The end result is the total opposite of Markonikov's rule.

• From Grignard Reagents:

Grignard reagent(R-Mg-X) is used to react with aldehydes and ketones. The Grignard reagent is added nucleophilically and then hydrolysed.

HCHO + RMgX → RCH₂OMgX + H₂O → RCH₂OH + Mg(OH)X

Chemical Reactions of Alcohol

• Alcohol reacts as a nucleophile in the following reactions (O-H bond cleavage):

a. Metals react with alkoxides and H₂ to create the corresponding alkoxides and H₂.

2R-O-H + 2Na → 2R-O-Na + H₂

b. Esterification: Alcohols form esters when they react with carboxylic acids, acid anhydrides, and acid chlorides.

• Alcohol interacts as an electrophile (C-O bond cleavage) in the following reactions:

a. Alkyl halides are formed by reacting with HX. The Lucas test, which distinguishes between 1°, 2°, and 3° alcohols, is based on this.

As 3° alcohols easily form halides, turbidity is formed almost immediately.

b. Alkyl halides are formed by reacting with PX₃.

c. Dehydrate to create alkene in the presence of protic acid, e.g., Ethanol reacts with H₂SO₄ at 443 K to form ethylene.
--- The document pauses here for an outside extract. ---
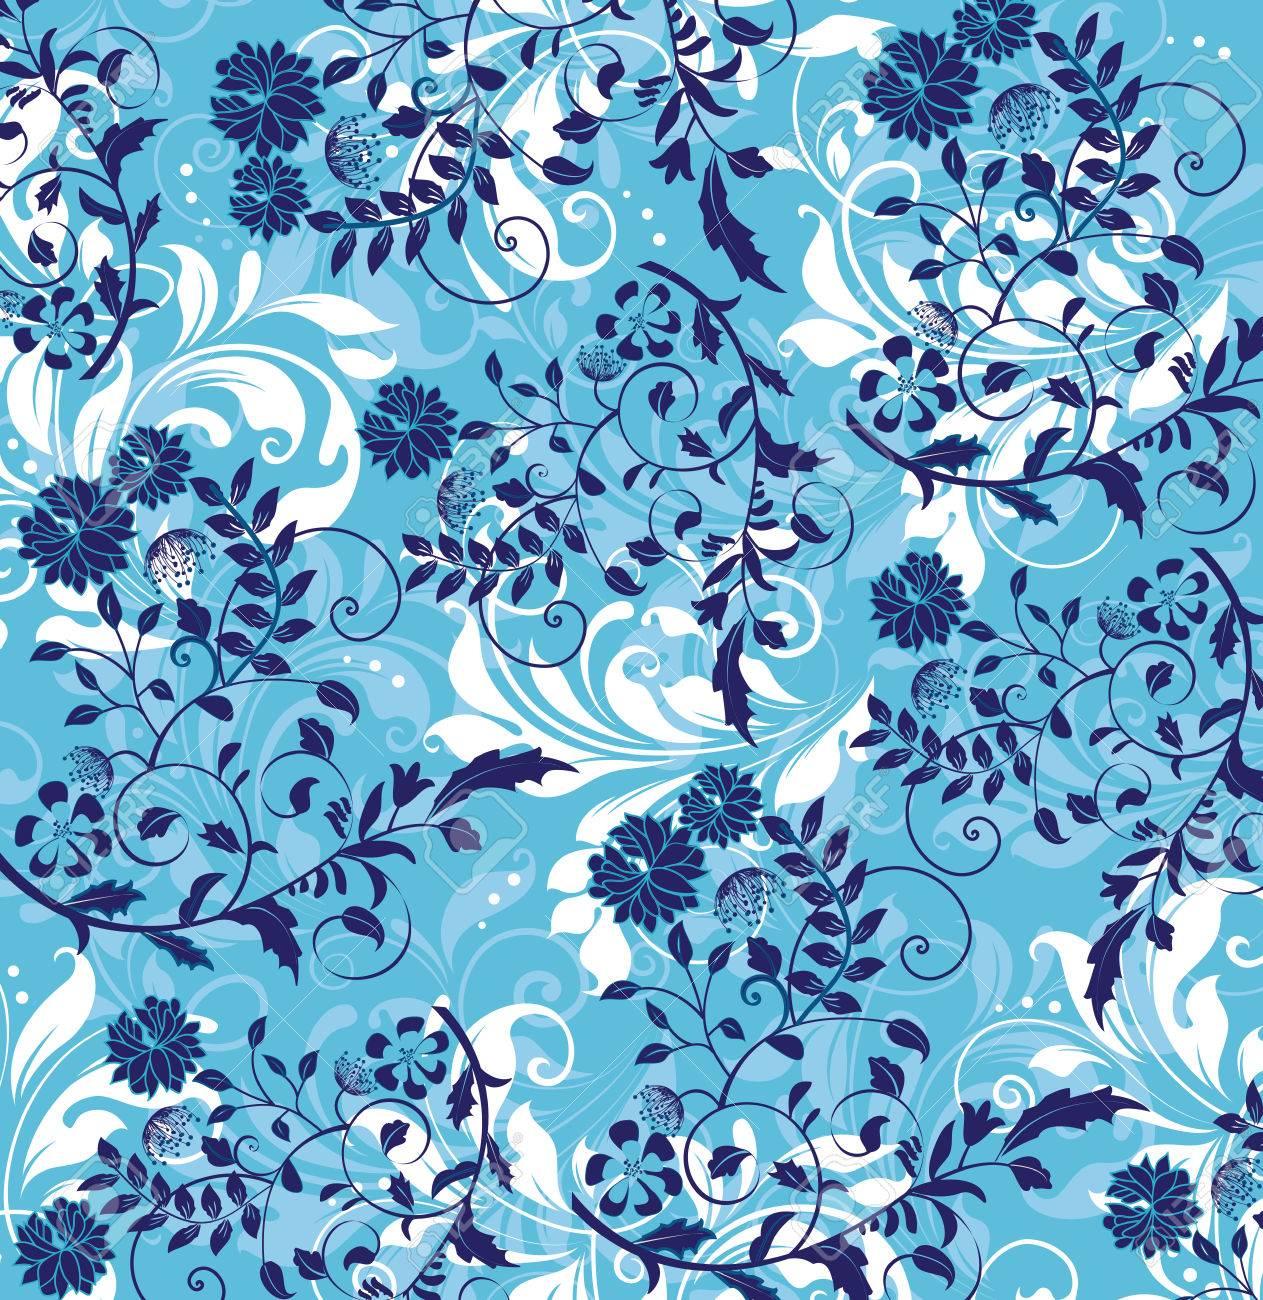 Vintage background with ornate elegant abstract floral design vector vintage background with ornate elegant abstract floral design midnight blue and white flowers on light blue vector illustration izmirmasajfo

Dehydration of 2° and 3° alcohols occurs under more mild conditions. The order of dehydration is:

3° > 2° > 1°

d. Aldehyde and ketone formation via oxidation or dehydrogenation

Aldehydes are formed from primary alcohols.

Carboxylic acid is formed directly by strong oxidising agents (KMnO₄).

Aldehydes are made with CrO₃ and PCC (pyrimidine chlorochromate).

When secondary alcohols are oxidised by CrO₃, they produce ketones. Tertiary alcohols are unaffected by oxidation. Dissociation of the C-C bond occurs when KMnO₄ is applied at a higher temperature, resulting in a variety of carboxylic acids with fewer carbon atoms.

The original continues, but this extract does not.